(Dataset excerpt Opens)

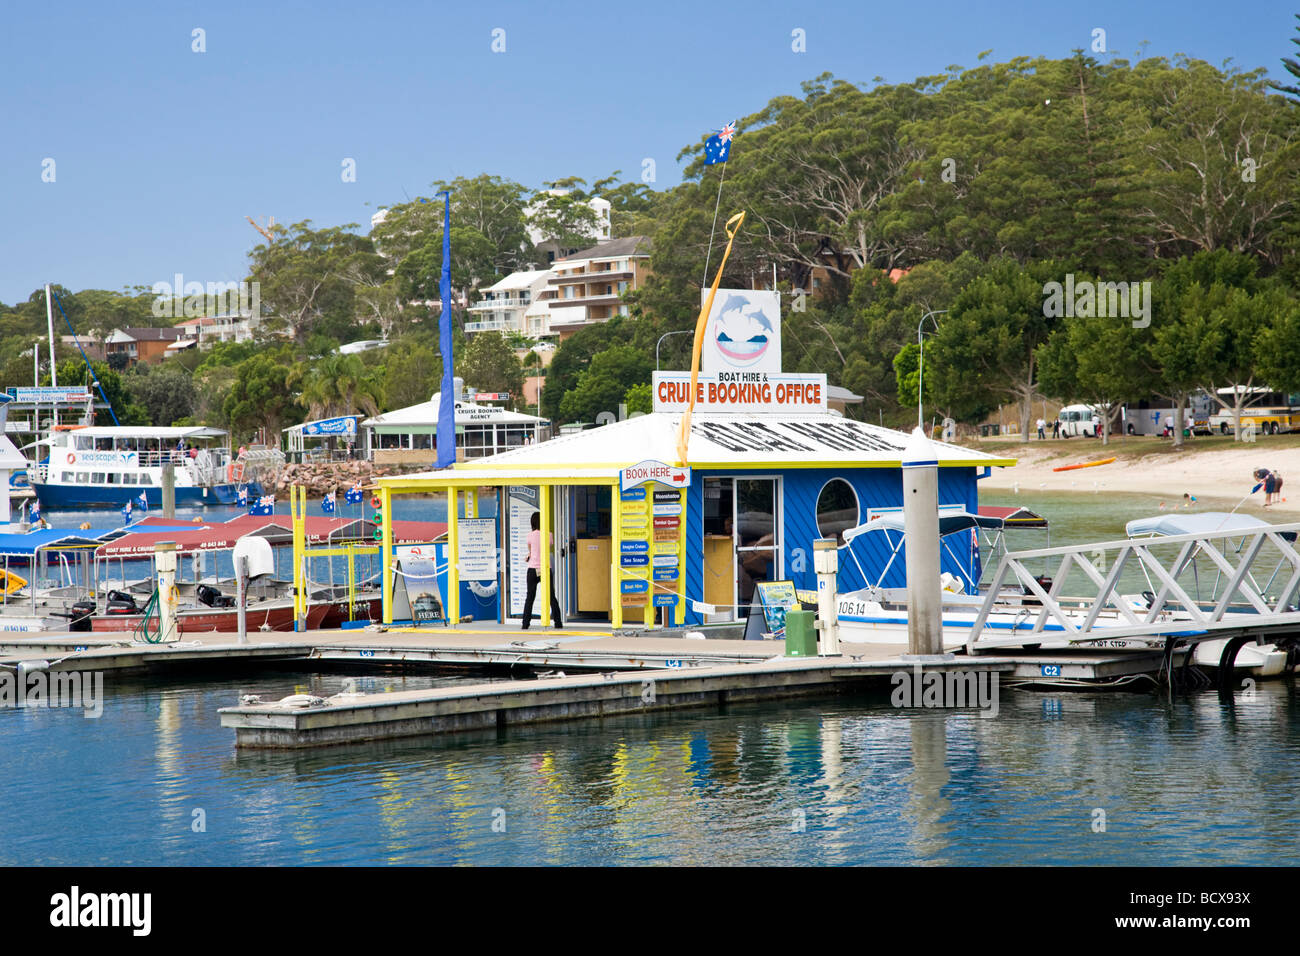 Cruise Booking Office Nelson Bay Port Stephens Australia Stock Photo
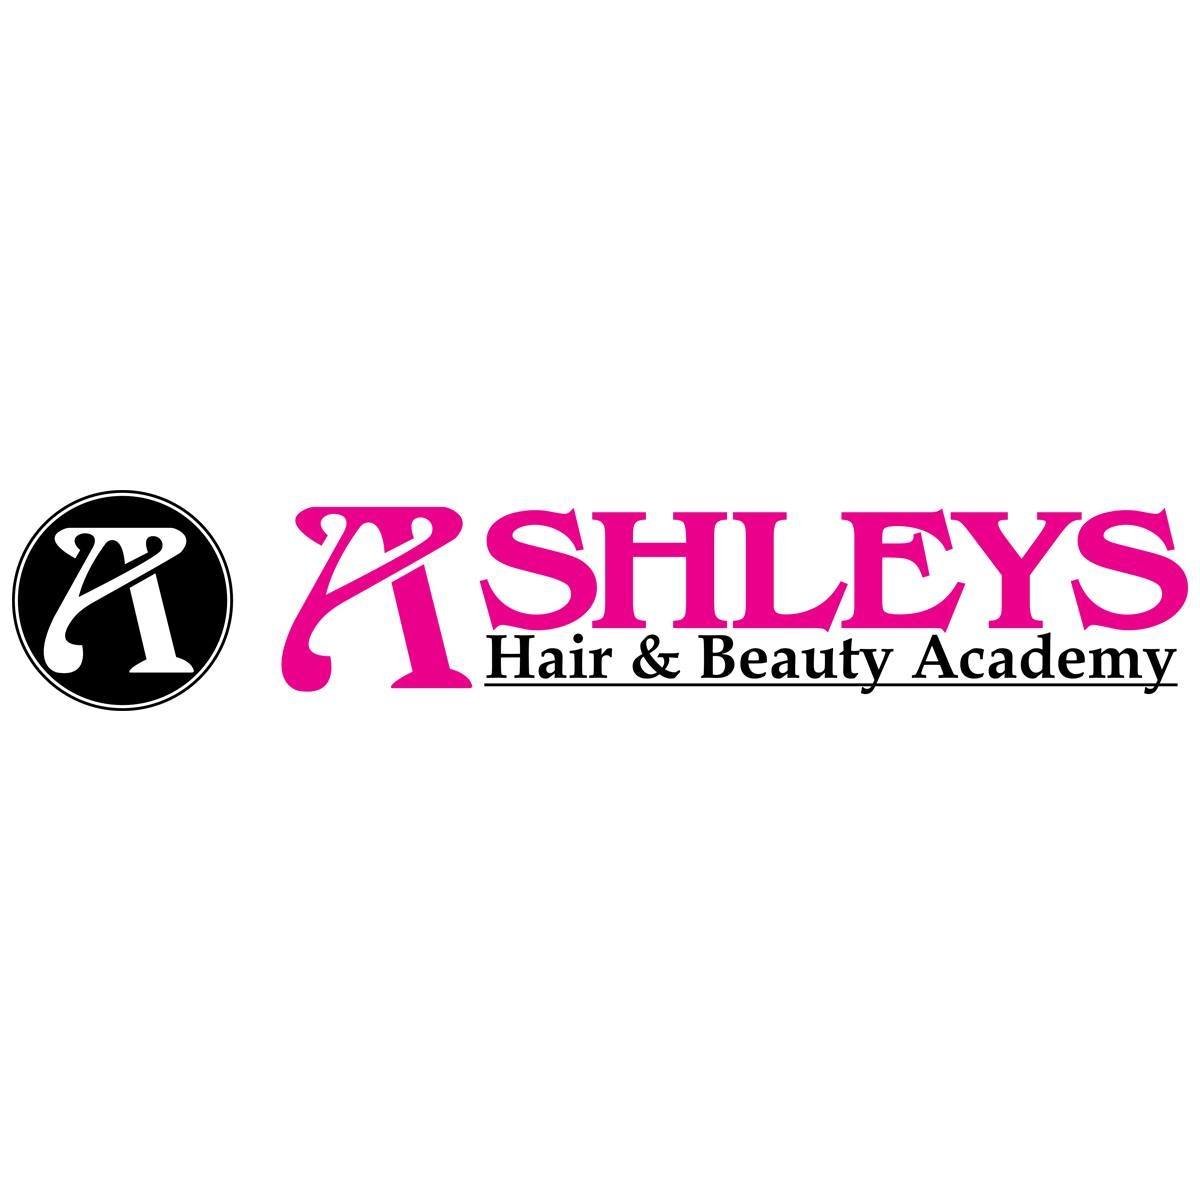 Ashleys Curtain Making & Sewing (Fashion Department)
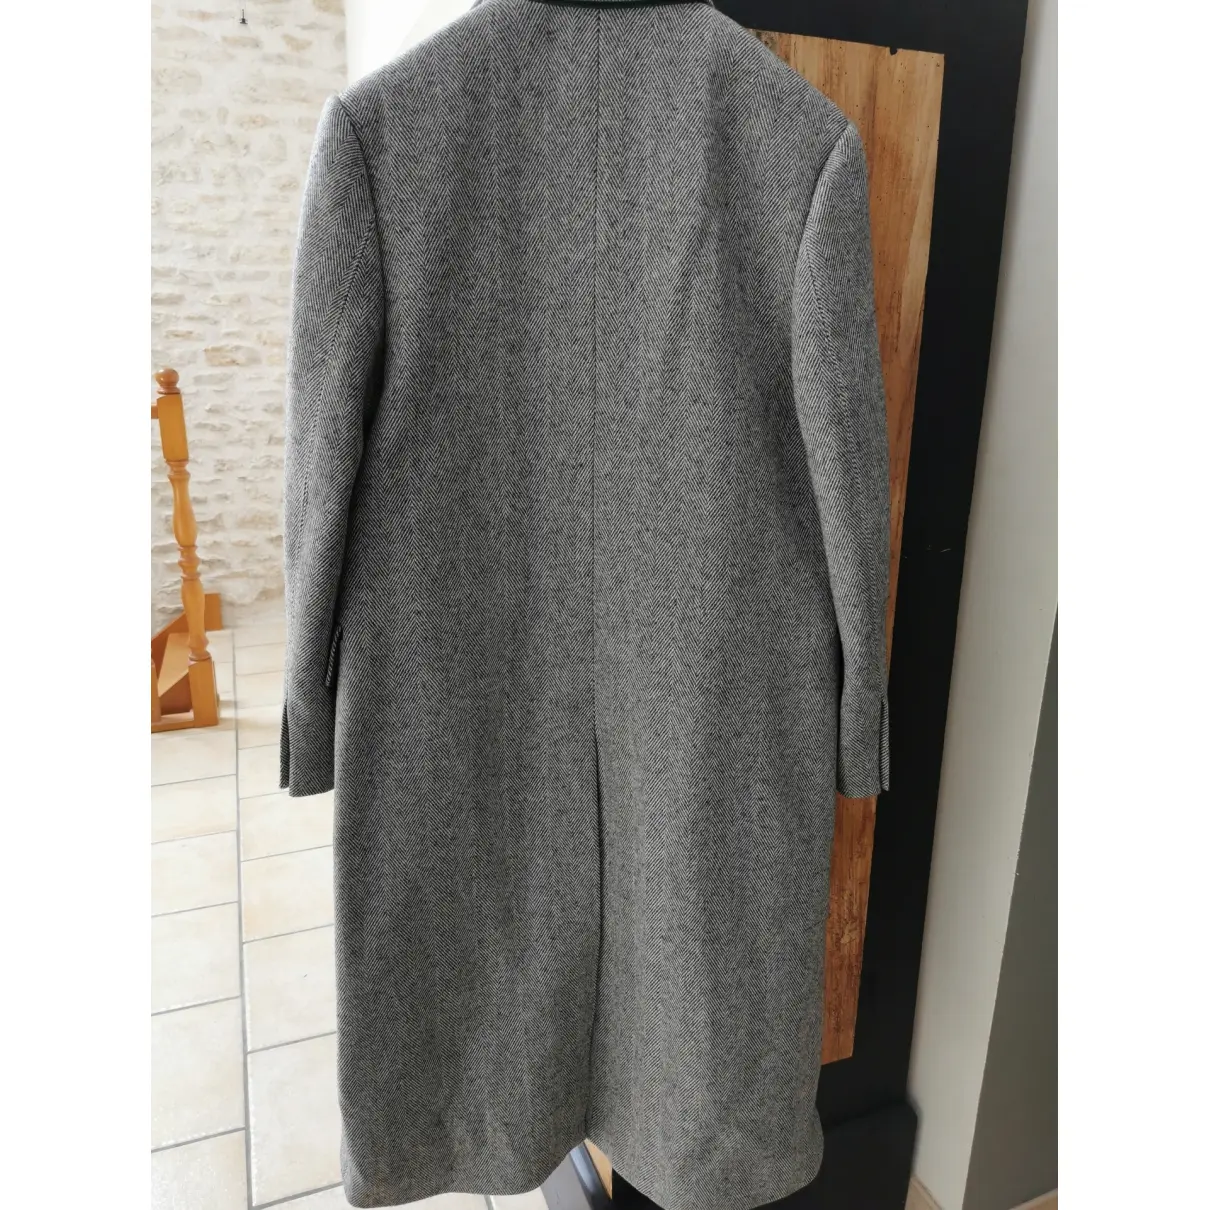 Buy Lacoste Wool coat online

(Dataset excerpt Closes)

Task prompt | The response is the full listing, copied exactly, with the pictures omitted.

Result of this exercise |
 Cruise Booking Office Nelson Bay Port Stephens Australia Stock Photo
 Ashleys Curtain Making & Sewing (Fashion Department)
 Buy Lacoste Wool coat online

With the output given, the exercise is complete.